Kathie Lee Gifford opened up about the power of forgiveness and how it helped her forgive Howard Stern following a decades-long feud.
Kathie Lee Gifford professed the power of forgiveness in a new interview, which she said helped her forgive Howard Stern following a decades-long feud.
The former Today co-host opened up about the surreal experience in an interview with Fox News Digital, recalling that she was floored at listening to a voicemail from the radio personality apologizing to her following years of mistreatment. Gifford, promoting her new book, I Want to Matter: Your Life Is Too Short and Too Precious to Waste, said she had no idea why Stern had it in for her, but the feud stemmed all the way back to June 29, 1995, when she sang the national anthem at Super Bowl XXIX at Hard Rock Stadium in Miami, Florida. It just so happened that her late husband, NFL legend Frank Gifford, was co-hosting the telecast on ABC.
Gifford said she heard booing as she was introduced to the crowd. The booting, Gifford said she later found out, was a directive from Stern to his fans. She found the whole thing perplexing, particularly because she had never encountered Stern and had never listened to his show.
Fast-forward to 2012, the year Stern joined America's Got Talent. Gifford said she heard he was in the Today studio to announce he was joining the talent competition series in season 7 after replacing the departed Piers Morgan. Gifford said her makeup/hair crew had been instructed not to let Gifford anywhere near the studio, given Stern's disdain for Gifford all these years.
But Gifford wasn't having it. Gifford said she decided to walk downstairs and meet with Stern to wish him well. Why?
"The Lord ... said, 'Kathie, go down and say hello to him, and wish him well with the show,'" she said. "And I said, OK, Lord.' I got up out of my hair and makeup [room]. Those girls had been told, 'Don't let Kathie go anywhere near the studio.' ... I couldn't care less. I go downstairs. They go, 'Where are you going?' I said, 'I'm going to go say hello to Howard.'"
The exchange was brief, but Gifford said she introduced herself and she told him, "'I want to wish you all the best with the new show.'" She then left and went back to the makeup room. When asked why she had done that, Gifford responded, ''God told me to.'"
Later that day, Gifford got on a plane from New York to Los Angeles to attend her son, Cody's, graduation at USC. And that's when she got a call from an "unknown" caller, who left a voicemail. It was Stern.
"He left a voicemail, and he says -- I can't even use the language that he used," she recalled. "It was a lot of F-words, but he was saying, 'I can't believe how nice you were to me. I've been so rude to you and you were so nice. I just need to apologize to you. Please call me.'"
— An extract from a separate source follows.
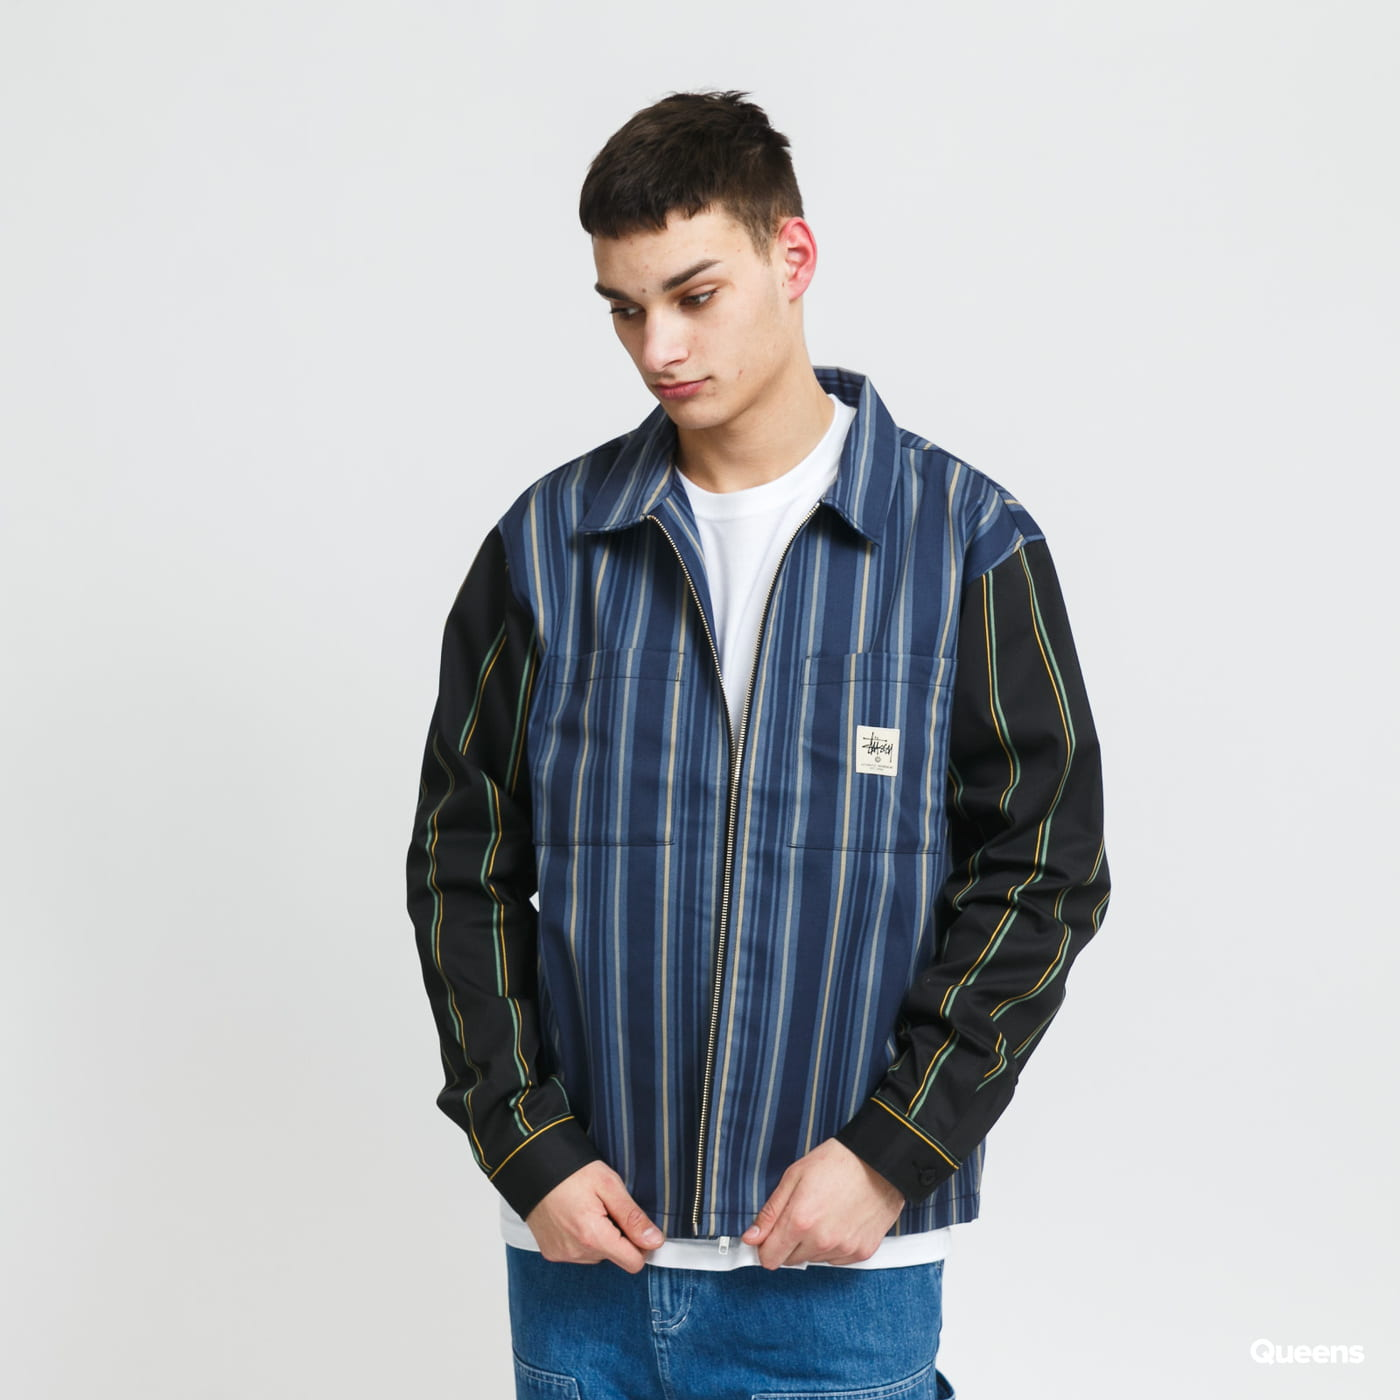 Stüssy Mix Stripe Zip Up Work LS Jacket navy / blue / black

She added, "Once I listened to it, I said to my kids at the table, 'Well, pigs have now officially flown ... [But] I just always believe God can touch anybody's heart ... I'm not allowed to hate anybody that hates me. Once you start praying for people, you can't hate them. Love cannot live where hate does, and it's a very simple thing."
Gifford didn't return the call because she had no idea how to reach him. Later that day, the family was having dinner and another no-caller ID comes through, but this time Gifford knew it was Stern. Her family, however, told her not to take the call. Eventually, Gifford and Stern did connect, and that's when she says Stern apologized.
Forgiveness is a running theme in her new book, which hit bookstores last month. She spoke with ET ahead of the book's release and opened up about how she dealt with her late husband's infidelity and how she forgave him as she refused to give up on her marriage.
"We all make our choices -- he [Frank] made a different one than I did and we all live with them," the former Live with Regis and Kathie Lee host told ET. "But I can live with the choices I have made if I have truly experienced a deep and abiding forgiveness of that person."
Gifford also spoke with ET in 2000 about her decision to stay in her marriage following her late husband's extramarital affairs, sharing that in spite of her anger and heartbreak, she found comfort in her Christian ideals and the thought of keeping their family together.
"If I had run when Frank had his temporary insanity, which he was set up for, let's face it, then our children wouldn't have their father," she said.
Gifford added at the time, "A very dear friend told me when I was going through the hardest time about it, he said, 'If you can't forgive your husband, forgive your children's father.' Too many families break up over something that could be healed if they just stay there and trust God to do a healing in their life."